By the numbers: In two decades, 84% more students from the North attended public schools in the South, per a Wall Street Journal analysis last year. It jumped 30% from 2018 to 2022.
- LSU's nearly 500% increase in attendance from Northeastern students was a result of jumping from 100 students in 2014 to 568 in 2023, according to Axios' analysis of National Center for Education Statistics data.
Yes, but: LSU is still playing a bit of catch-up, according to The Times-Picayune, compared to its public Southern counterparts.
- Out-of-state students made up 38% of LSU freshmen in fall 2023, the paper reports. But at Alabama and Ole Miss, out-of-state freshmen were 64% and 69%, respectively.
- Go deeper: Explore LSU's enrollment data.
The intrigue: Politics are also a rising factor in some students' decisions.
- Colleges in Republican-led states returned to in-person classes sooner than colleges in Democratic-led states after the onset of COVID. High school students who sat through virtual classes during the pandemic may have been inclined to flock to the South for a more authentic college experience.
- "Students who were looking at colleges saw more freedom and fun in the South than they saw up North," Selingo said.

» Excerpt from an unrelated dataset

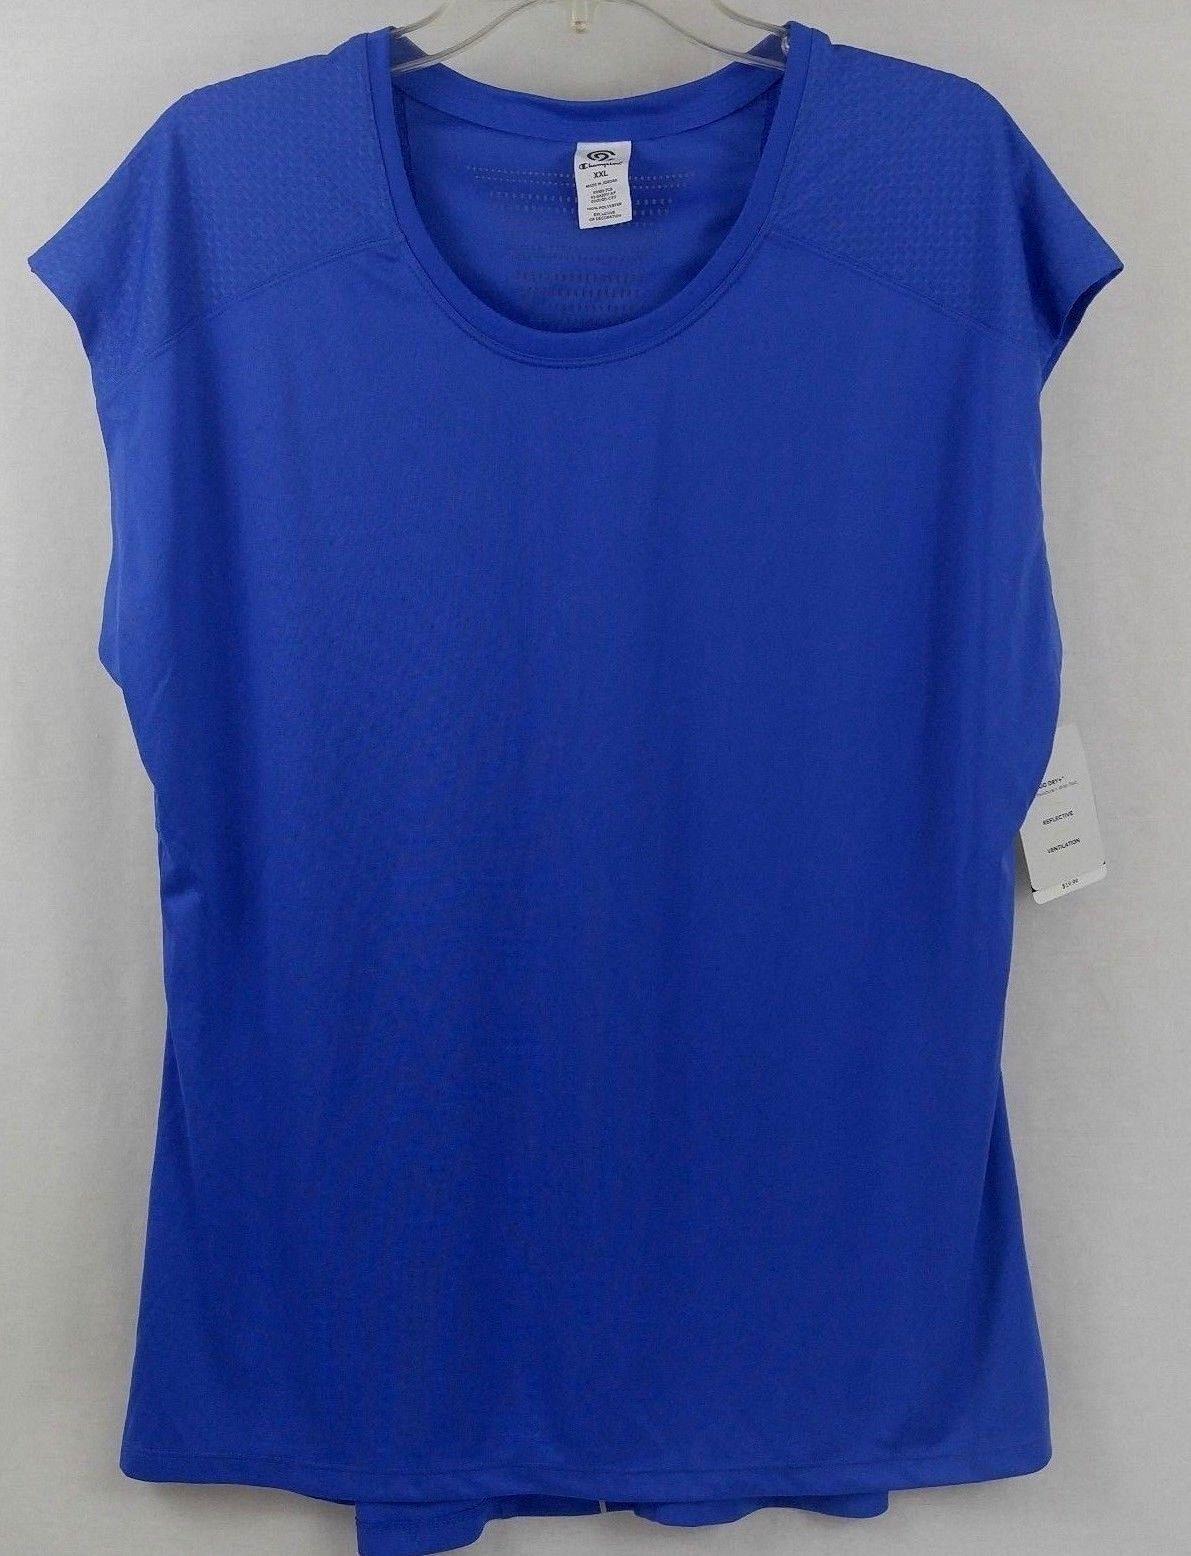 5be9bfc28 C9 Champion Women s Mesh Run T-shirt Steel and 50 similar items. 57

What's next: Alumni of these schools are likely to stay in the South for work after graduating, which would be welcome news for states like Louisiana that have been battling brain drain.
- Just look to cities like Raleigh, Charlotte, Nashville, Atlanta and Austin, which are growing faster than the country overall, for how that might look.
- About half of graduates work in the same metro area as their college, and two-thirds work in the same state, per 2024 research from the W.E. Upjohn Institute for Employment Research.
- "Suddenly you're living there and raising the next generation of kids," Selingo said.